You're pregnant! Congratulations!
While pregnancy is an exciting time, it is also a time when you may have many questions and concerns. On this page, we have put together information and resources to help you take care of yourself (and baby!). We are glad to be able to share the medically reviewed information with you but remember: nothing takes the place of regular visits with your health care provider for prenatal care.
If you are still looking for a physician, please consider Good Neighbor Community Health Center and Good Neighbor Fremont. We have contracted with highly qualified OB providers who look forward to working with you to help make your pregnancy a happy and healthy one.
To make an appointment or for more information, please call (402) 562-7500 (Columbus) or (402) 721-0951 (Fremont).
Over the counter medication
Almost every pregnant woman will face a decision about taking medicine before and during pregnancy. (These may include prescription and over-the-counter medications and dietary or herbal supplements.) Women and their doctors should discuss the best treatment options together.
3 Things to Discuss
- All medicines you take, including over-the-counter medicines, herbal and dietary supplements, and vitamins.
- Best ways to keep your health condition(s) under control.
- Your personal goals for managing your health condition during pregnancy.
Did you know?
9 out of 10 women in the United States take a medicine during pregnancy. But not all medicines are safe to take during pregnancy. Some medicines may cause birth defects, pregnancy loss, prematurity, infant death, or developmental disabilities. Talk to your healthcare provider about all your medications.
Safe Medication List
While we recommend that you limit the amount of medication taken during your pregnancy, sometimes it is necessary for your health and comfort. This list includes medicines that are safe to take during pregnancy. Generic equivalents are acceptable.
- Extra Strength Tylenol
- Generic Acetaminophen
- Motrin, Advil or generic Ibuprofen – for use after 20 weeks gestation. First discuss with your physician.
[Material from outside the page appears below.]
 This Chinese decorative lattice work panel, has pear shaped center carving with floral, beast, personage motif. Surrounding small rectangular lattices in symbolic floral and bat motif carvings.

No aspirin unless prescribed by your healthcare provider.
Always check over-the-counter cold medication for alcohol, sugar, caffeine, or aspirin. Medication should be taken as directed and for no longer than seven days. If symptoms persist, call our office.
- Regular Sudafed (pseudoephedrine)
- Robitussin DM
- Cough/Throat Lozenges
- Tylenol Cold
- Saline Nasal Spray/Rinse
Other helpful suggestions:
- Cool mist humidifier/vaporizer
- Mentholated vapor rub (Vicks)
- Colace 100mg 1 or 2 daily
- Milk of Magnesia
Other helpful suggestions:
- Increase water intake to 8-10 eight-ounce glasses daily.
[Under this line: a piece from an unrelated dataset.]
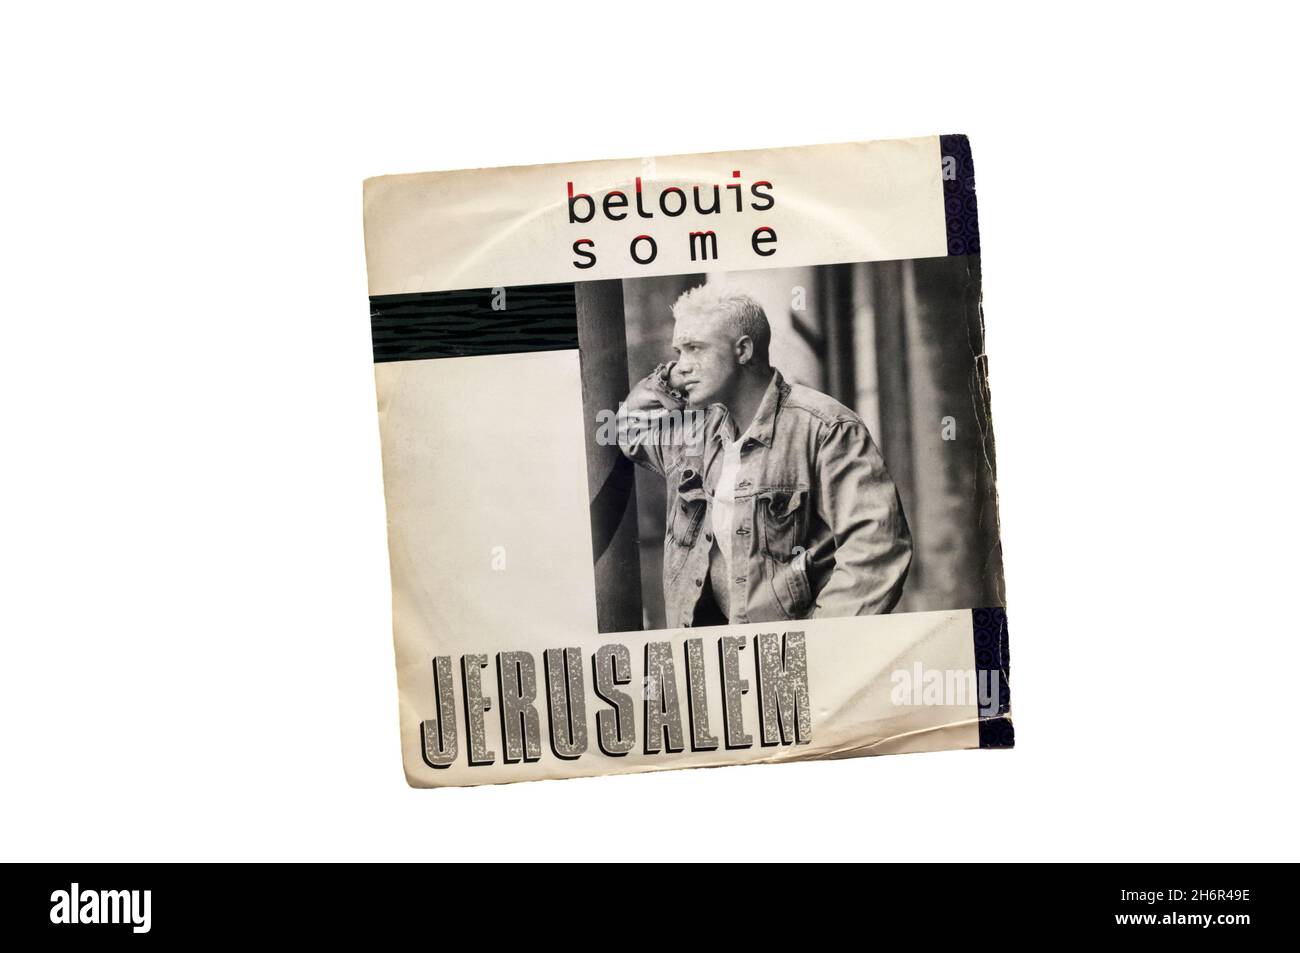 Fourth and final single by British artist Belouis Some, released in 1986 from debut studio album Some People. Stock Photo

- Eat plenty of fresh fruits, green leafy vegetables and fiber.
- Get adequate exercise; walking is a good exercise during pregnancy.
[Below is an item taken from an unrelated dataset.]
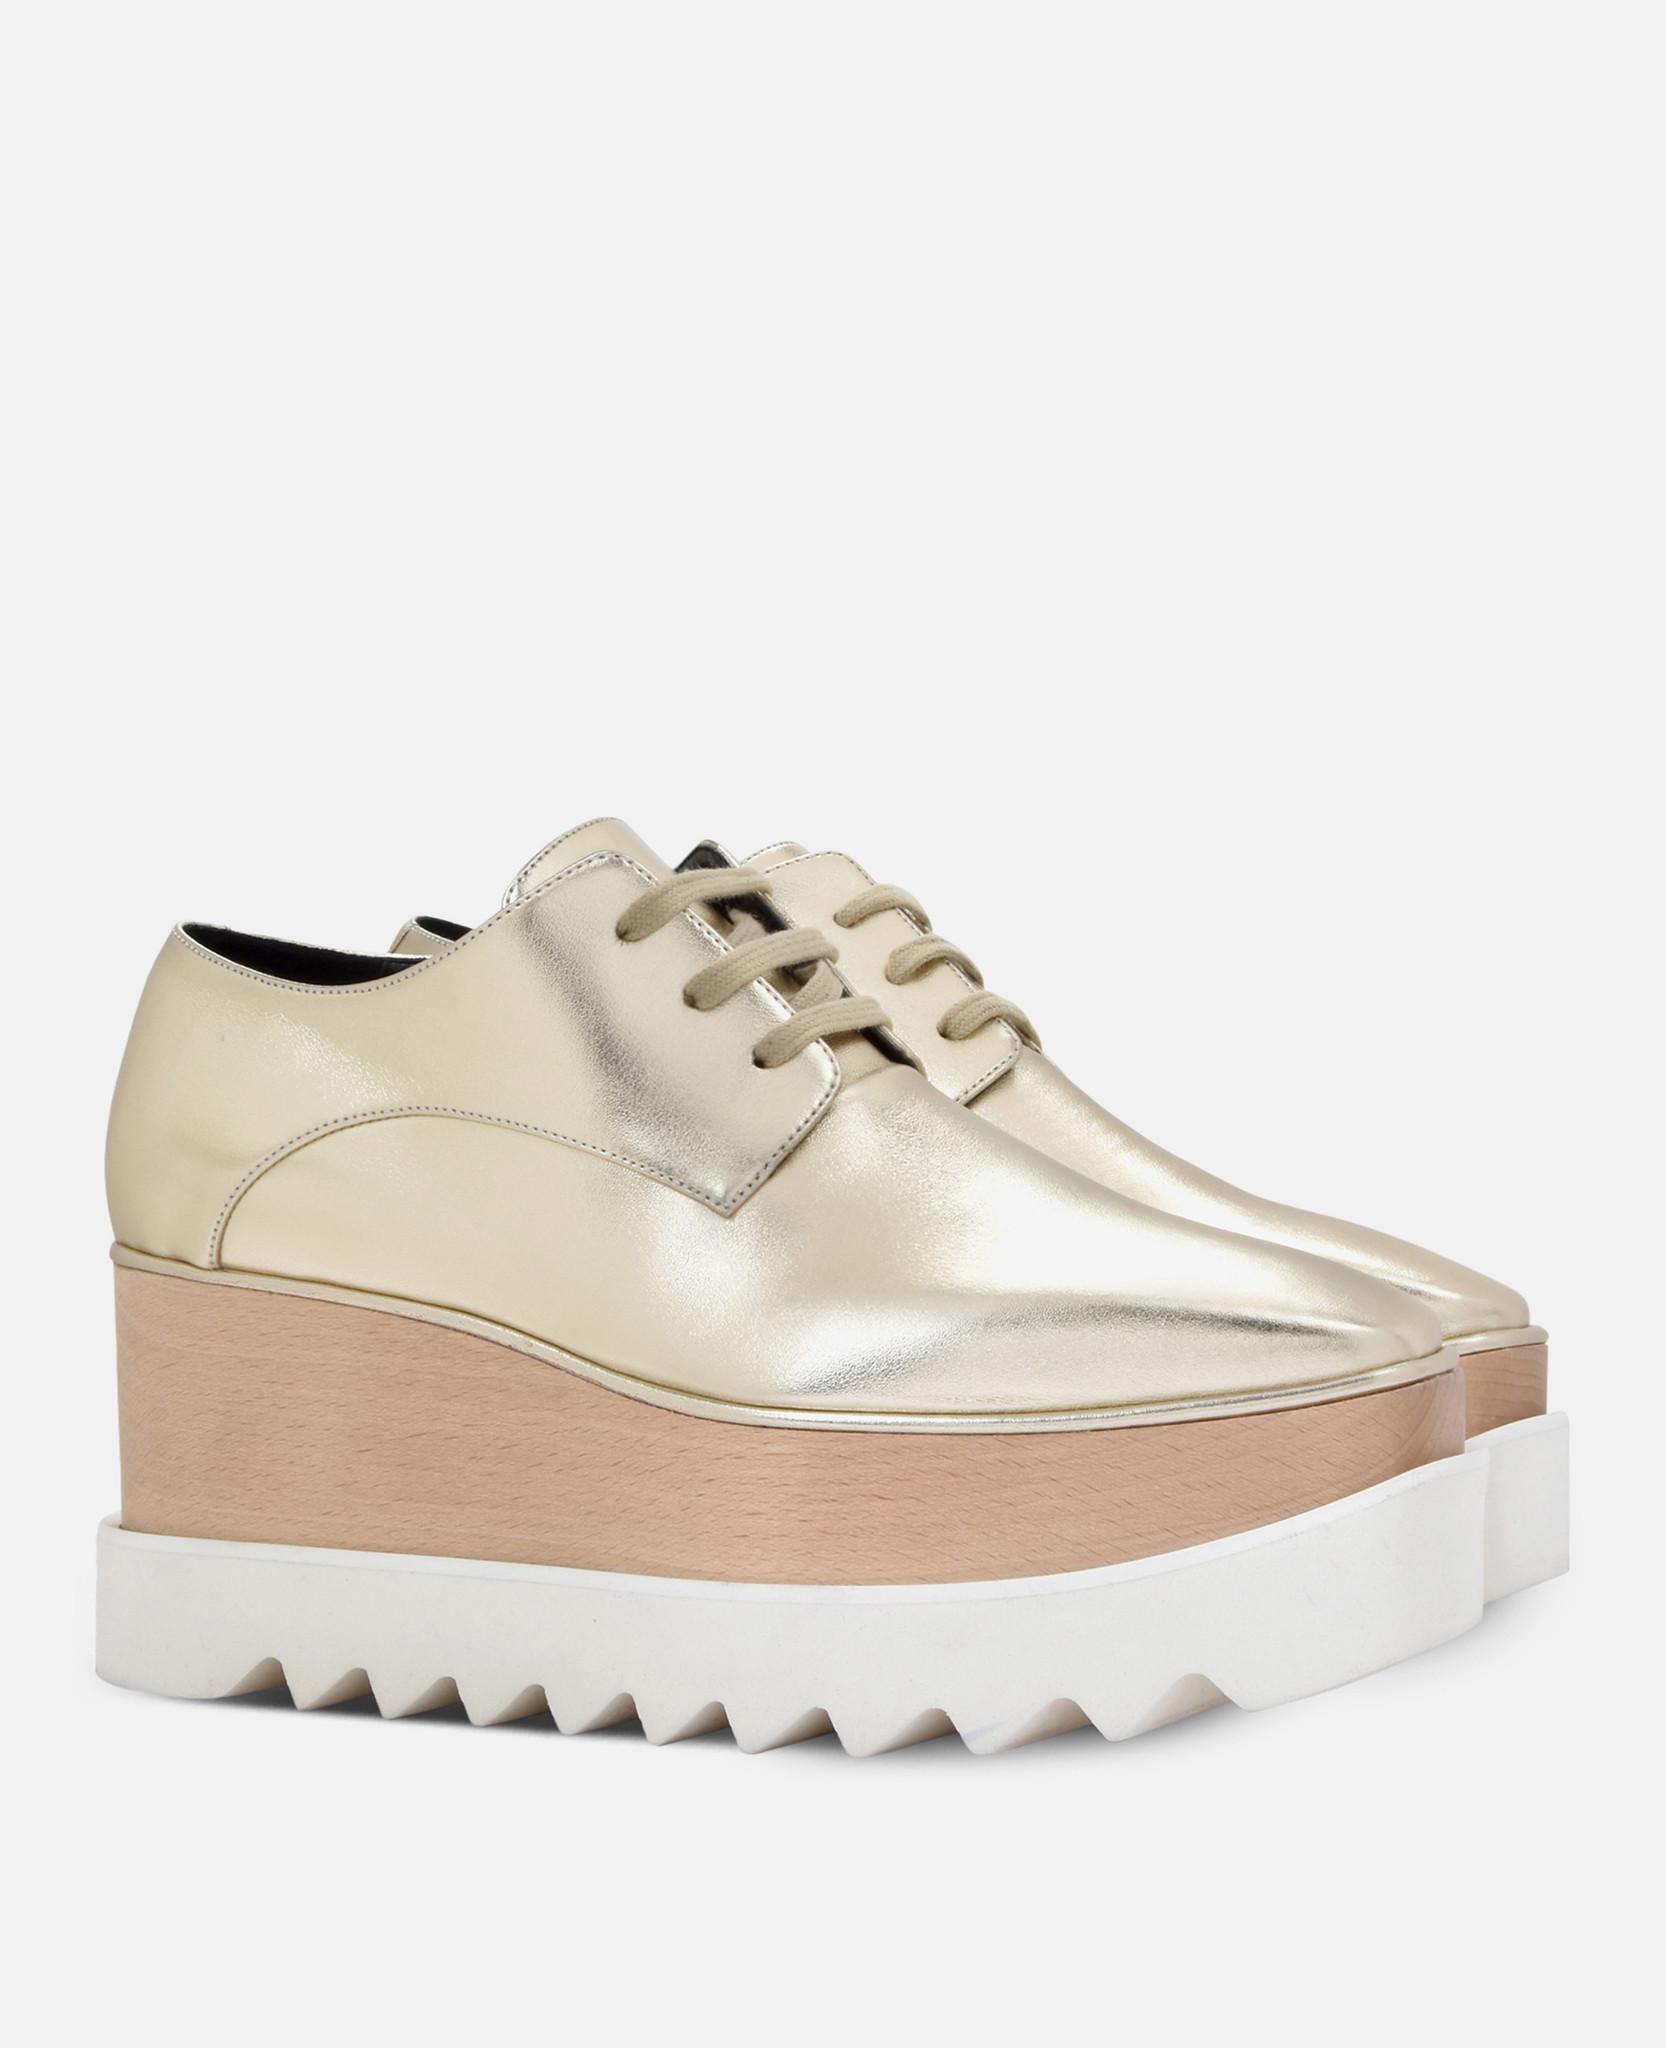 Stella McCartney Rubber Pale Gold Elyse Shoes in Yellow | Lyst

If constipation persists, call our office for further instructions.
Generally diarrhea is a symptom of a viral illness that will run its course in a few days. You may try the B.R.A.T diet (banana, rice, applesauce, toast/tea). If diarrhea persists, call for further instructions.
- Mylanta, Mylanta II
- Tums – Do not exceed recommended dose
The following medications may be used only on the advice of your physician:
- Preparation H
It may also be helpful to soak in a warm bath.
- Vitamin B6 (50mg twice daily)
- Ginger Root (2 tablets, 2-4 times a day)
Try to eat smaller meals more often.
Drinking 8-10 glasses of water a day can decrease nausea and may also help with constipation.
- Monistat – Intravaginal with applicator or intravaginal suppository as directed.
- Topical cream for external symptoms as directed.
Avoid vaginal intercourse during treatment. Call if symptoms persist.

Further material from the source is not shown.